I'll phrase the question you were given in this problem so that others may see it better.



> Create an application that declares two instances of the Pizza class that sets and displays their fields.


So you have a Pizza class that you created ( pseudo-code for one that you have shown ). What you are being told to do is create two instances of the Pizza class, which mean creating two objects. In most languages, this means you would have it like this:

Pizza pizza1;
Pizza pizza2;

That way you have two pizzas to work with in your application.

Next, you would set their fields. 



> Size: num
> Toppings: string
> Price: num


These are your fields. What you would do is have the class Pizza have either a constructor method or a few methods that would set these fields.



> Constructor way of doing it:
> 
> Pizza pizza1( Size = 6, Toppings = "Cheese", Price = 20 );
> Pizza pizza2( Size = 7, Toppings = "Pepperoni", Price = 24 );





> Multiple method way of doing it:
> 
> Pizza pizza1;
> Pizza pizza2;
> ...


Both ways are valid, but one is just easier to look at. Most people will make their class have both constructors and multiple methods to do these things.

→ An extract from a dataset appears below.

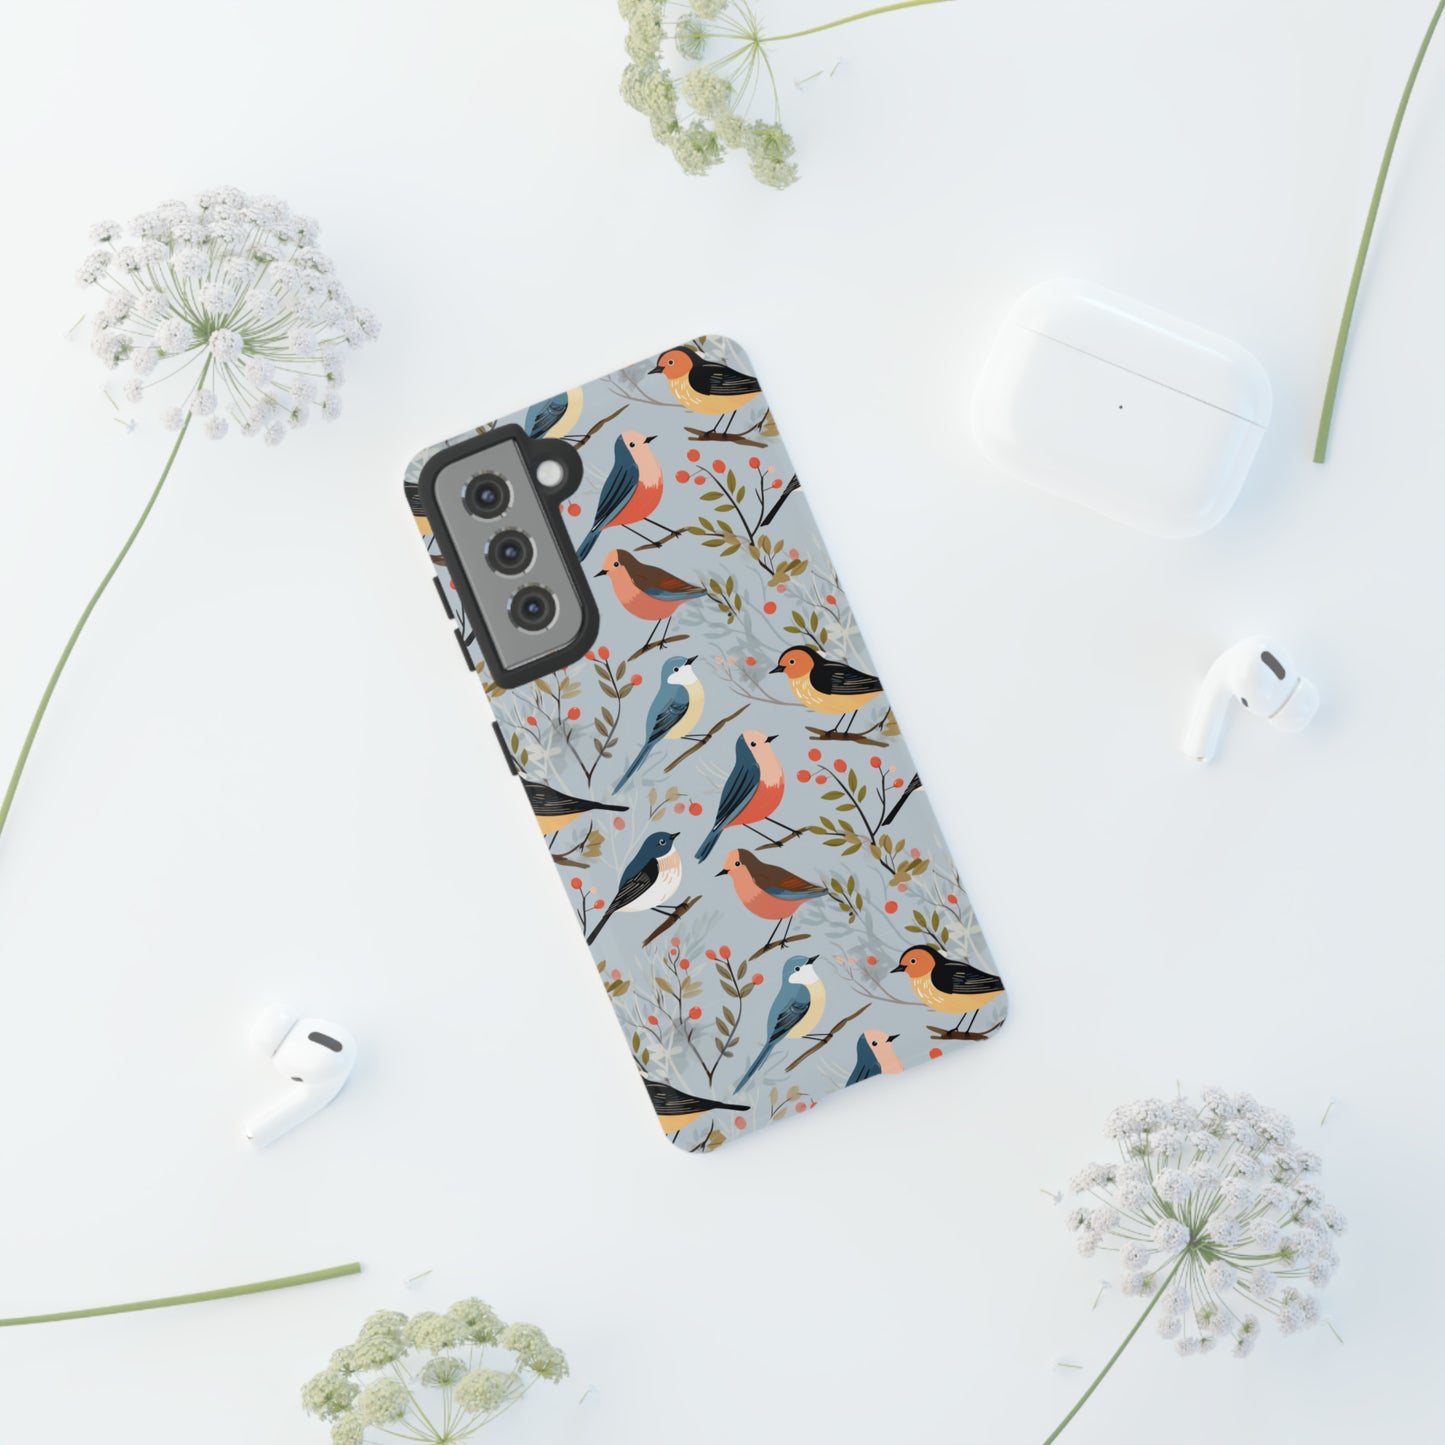 Song Bird Phone Case - Protective Cover for iPhone, Samsung Galaxy, Google Pixel - Glossy/Matte Finish - Tough Cases - Bird Lover Gift

For the last part you need to display the values of the fields. If you're doing it from the console it might look something like this:



> Console.Display( "Pizza 1 size: ", pizza1.GetSize() );
> Console.Display( "Pizza 1 toppings: ", pizza1.GetToppings() );
> Console.Display( "Pizza 1 price: ", pizza1.GetPrice() );
> 
> ...


This means that you would simply have your class have methods that return the values of the fields it has. Note that all this I'm displaying is from no real language I use, it's just more code-like pseudo-code. I'm not sure what language you may be using, but this should be universal enough in concept to be used in any OOP language.

Hope this helps!


----------



## crowleyc625 (Mar 2, 2011)

actually this does help we are just learning basics so it only has to make some kind of logical sense.


----------